With nanotechnology, the industry has promised, we can have our cake and eat it too — environmentally benign economic expansion, a future of high tech prosperity, new gadgets and gizmos, an end to hunger and poverty… Yet like many things that sound too good to be true, the recent Friends of the Earth report reveals that nanotechnology’s green claims do not stand up to scrutiny. The nanotech industry has consistently over-promised and under-delivered.

Despite impressive laboratory discoveries in the renewable energy sector, it has all too often been impossible to incorporate these properties in mass-produced products that will actually save energy and be affordable to produce. For starters, see here and here.

In the much-touted field of nano solar, the solar conversion efficiency of nano solar cells remains about 10 per cent lower than that of traditional silicon panels. The durability of some commercial nano solar panels, for example those plastic cells manufactured by Konarka is as low as 3-5 years, compared to 25-30 years for silicon panels.

A group of US researchers has cautioned that amid the buzz surrounding nano solar are "questionable claims on the scientific facts". They suggest that better outcomes would be achieved through greater economies of scale in producing conventional silicon panels. Recent analyses have revealed that the energy demands of manufacturing nanoparticles are much higher than expected. This sheds doubt on whether other nano-applications that are designed to save energy will actually deliver.

For example manufacturing carbon nanofibres uses up to 360 times the energy to make steel, on an equal mass basis. Proponents have suggested that by strengthening windmill blades with carbon nanofibres, the blades will be lighter, reducing wear and tear and increasing the efficiency of energy generation. However because of the energy required to manufacture the nano blades, early life cycle analysis shows that it may be just as energy efficient to use conventional windmill blades.

Similarly, one of the booming applications of nanotechnology is in the use of antibacterial nanomaterials in work wear, socks and other clothes. The idea is that nanoparticles of silver kill bacteria that cause odour, laundry frequency is reduced, and energy saved. The trouble is that not only does the nano silver pose new toxicity risks, the energy associated with producing it may mean that the products come at a net energy cost.

A Swiss researcher calculated that the life cycle energy costs associated with nano silver T-shirts were greater than conventional T-shirts in two out of three scenarios.
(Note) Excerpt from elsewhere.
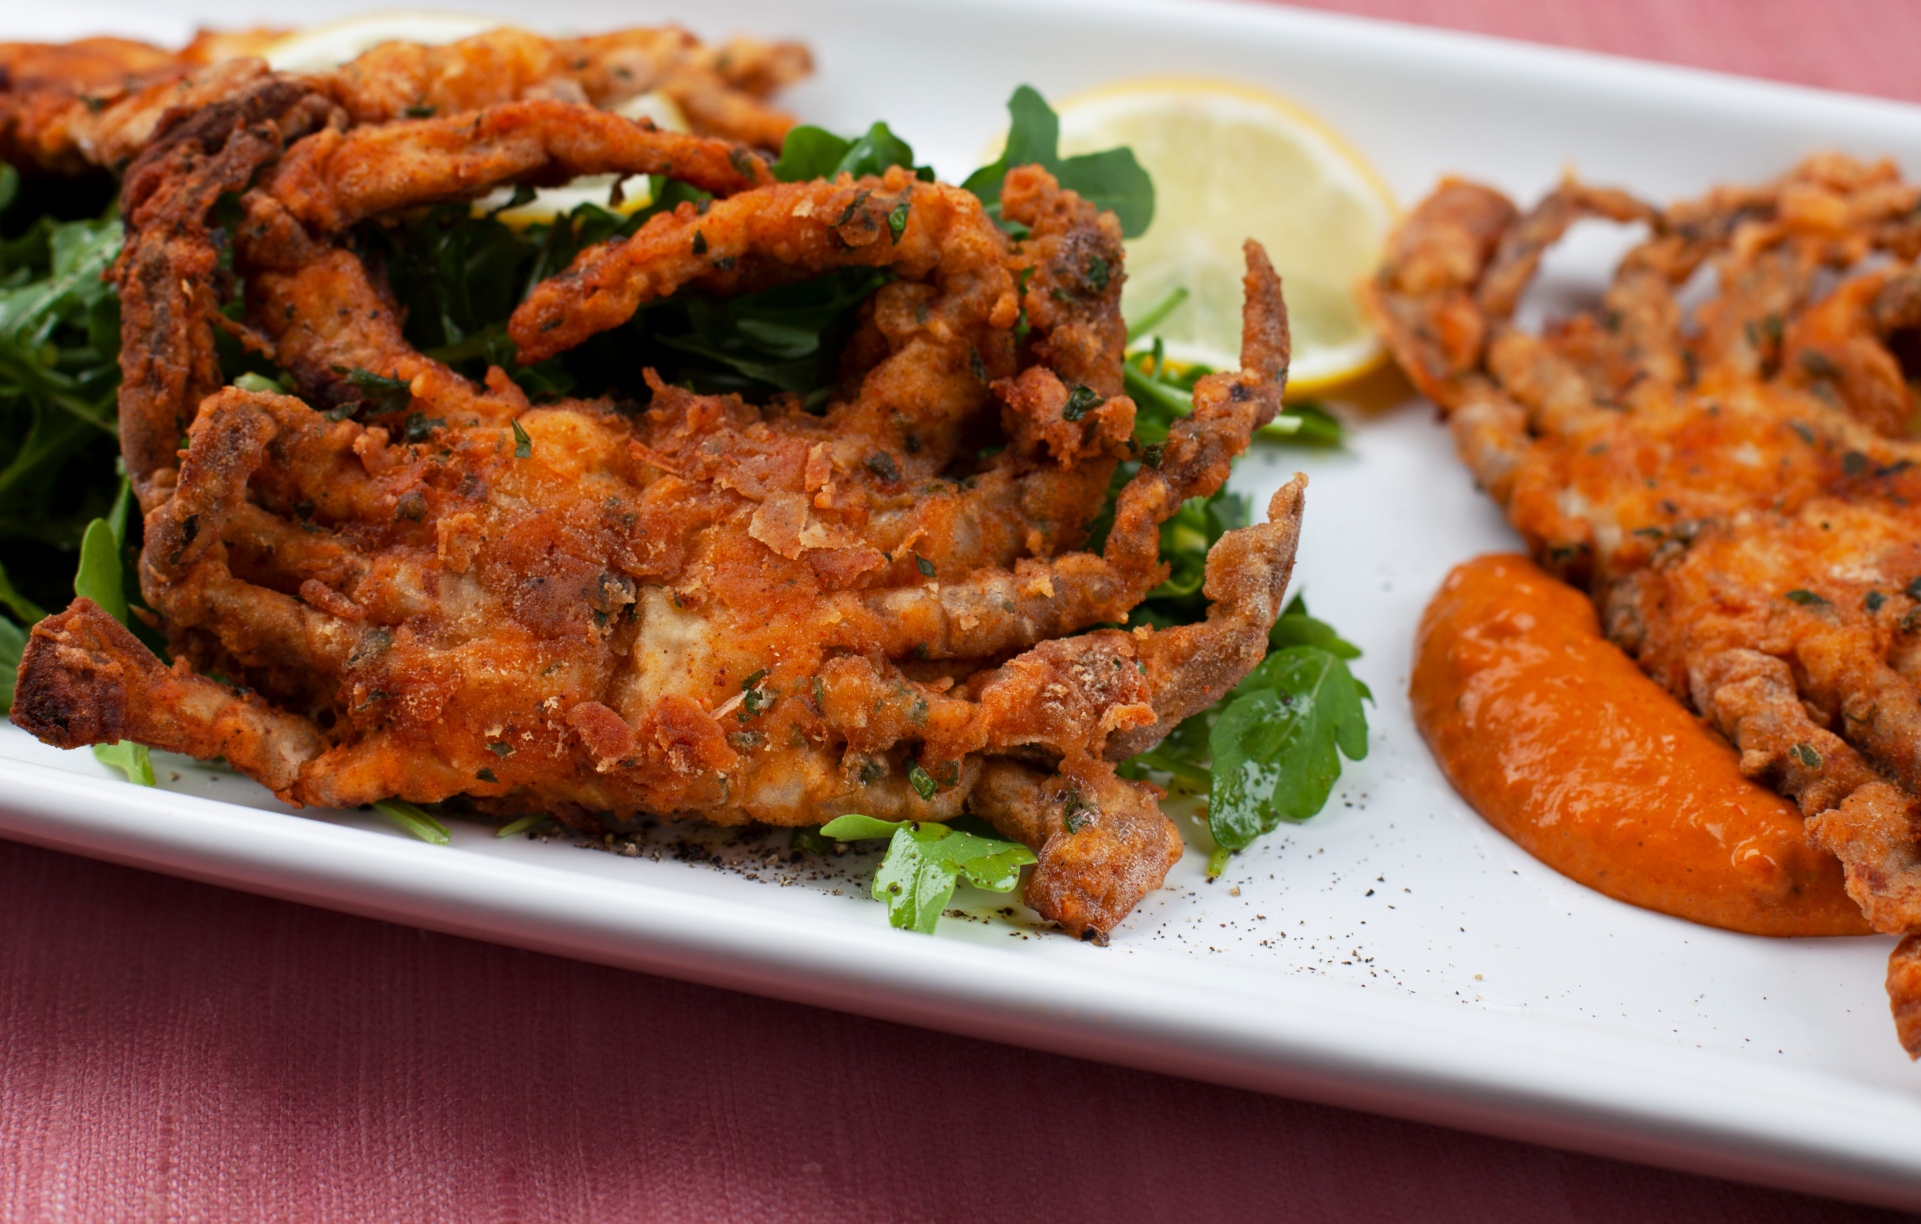 Fried soft shell crab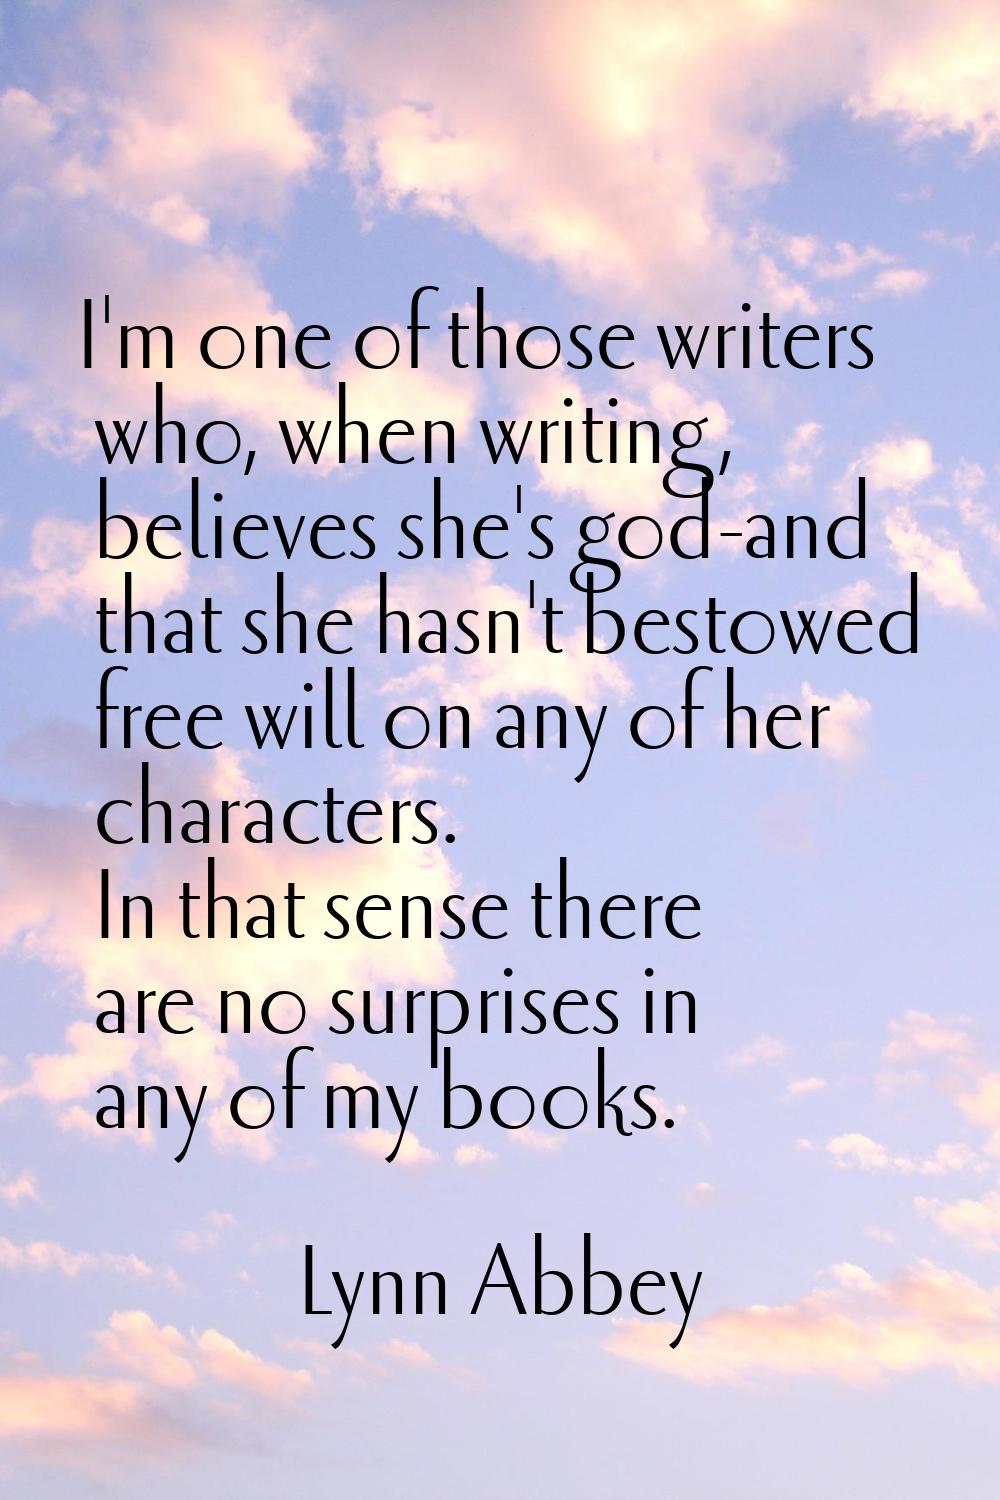 I'm one of those writers who, when writing, believes she's god-and that she hasn't bestowed free wi

Only if there was substantial behavioural change (far less clothes washing) did the nano silver T-shirt use less energy.

There is also a question mark over how much attention (and research funding) is really being directed to nanotechnology applications that could offer environmental benefits — compared to those that simply offer new marketing opportunities.

Nanoproducts that dominate current sales and product inventories, such as cosmetics, personal care products and sports equipment, are not only energy intensive to manufacture, but offer no potential for energy savings through their use. The United States President’s Council of Advisors on Science and Technology reports (pdf) that in 2008 only 1 per cent of nanotechnology-based products came from the energy and environmental sector.

Marketing of nanotechnology as "clean and green" is undermined by the world’s biggest petrochemical companies using it to find and extract more oil and gas. Halliburton, Shell, BP, Exxon Mobil and others hope that nanotechnology may as much as double the amount of oil able to be extracted from known reserves.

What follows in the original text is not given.